▶ Exercise requirements
Copy verbatim the block of lines in the entries below whose first line contains "Midea/美的 KYT25-10A电风扇 说明书.pdf" and whose last line contains "Mavi Jeans Josh". Leave out all other lines.

▶ Collection entries
************
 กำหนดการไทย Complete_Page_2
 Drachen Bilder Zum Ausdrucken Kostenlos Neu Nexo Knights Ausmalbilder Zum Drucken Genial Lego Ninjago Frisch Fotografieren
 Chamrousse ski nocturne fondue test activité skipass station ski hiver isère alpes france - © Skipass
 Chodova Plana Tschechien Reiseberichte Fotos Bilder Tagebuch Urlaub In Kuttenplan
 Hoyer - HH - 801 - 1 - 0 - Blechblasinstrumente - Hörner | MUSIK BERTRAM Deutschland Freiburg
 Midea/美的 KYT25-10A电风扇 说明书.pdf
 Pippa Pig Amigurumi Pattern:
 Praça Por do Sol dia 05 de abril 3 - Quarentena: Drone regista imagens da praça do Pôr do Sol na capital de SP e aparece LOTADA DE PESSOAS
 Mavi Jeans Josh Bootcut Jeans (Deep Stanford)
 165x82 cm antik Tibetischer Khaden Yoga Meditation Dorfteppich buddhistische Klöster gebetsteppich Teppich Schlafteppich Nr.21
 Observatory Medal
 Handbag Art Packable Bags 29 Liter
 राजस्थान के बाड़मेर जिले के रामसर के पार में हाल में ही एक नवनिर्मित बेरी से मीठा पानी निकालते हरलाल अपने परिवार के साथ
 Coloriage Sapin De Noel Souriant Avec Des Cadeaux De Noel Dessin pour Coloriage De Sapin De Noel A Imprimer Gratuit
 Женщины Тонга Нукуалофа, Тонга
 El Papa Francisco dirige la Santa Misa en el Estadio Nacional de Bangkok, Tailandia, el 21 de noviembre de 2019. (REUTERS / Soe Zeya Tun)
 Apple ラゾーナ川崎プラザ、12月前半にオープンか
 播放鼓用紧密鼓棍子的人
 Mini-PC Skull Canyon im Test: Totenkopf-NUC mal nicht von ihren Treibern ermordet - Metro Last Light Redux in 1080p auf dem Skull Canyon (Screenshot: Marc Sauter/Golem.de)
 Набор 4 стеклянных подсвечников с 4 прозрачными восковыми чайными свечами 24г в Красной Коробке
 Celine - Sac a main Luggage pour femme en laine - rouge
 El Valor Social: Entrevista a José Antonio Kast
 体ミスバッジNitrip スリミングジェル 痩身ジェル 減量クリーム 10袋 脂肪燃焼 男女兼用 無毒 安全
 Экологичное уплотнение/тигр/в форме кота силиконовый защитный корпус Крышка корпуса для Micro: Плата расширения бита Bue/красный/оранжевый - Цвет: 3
************
▶ The answer
 Midea/美的 KYT25-10A电风扇 说明书.pdf
 Pippa Pig Amigurumi Pattern:
 Praça Por do Sol dia 05 de abril 3 - Quarentena: Drone regista imagens da praça do Pôr do Sol na capital de SP e aparece LOTADA DE PESSOAS
 Mavi Jeans Josh Bootcut Jeans (Deep Stanford)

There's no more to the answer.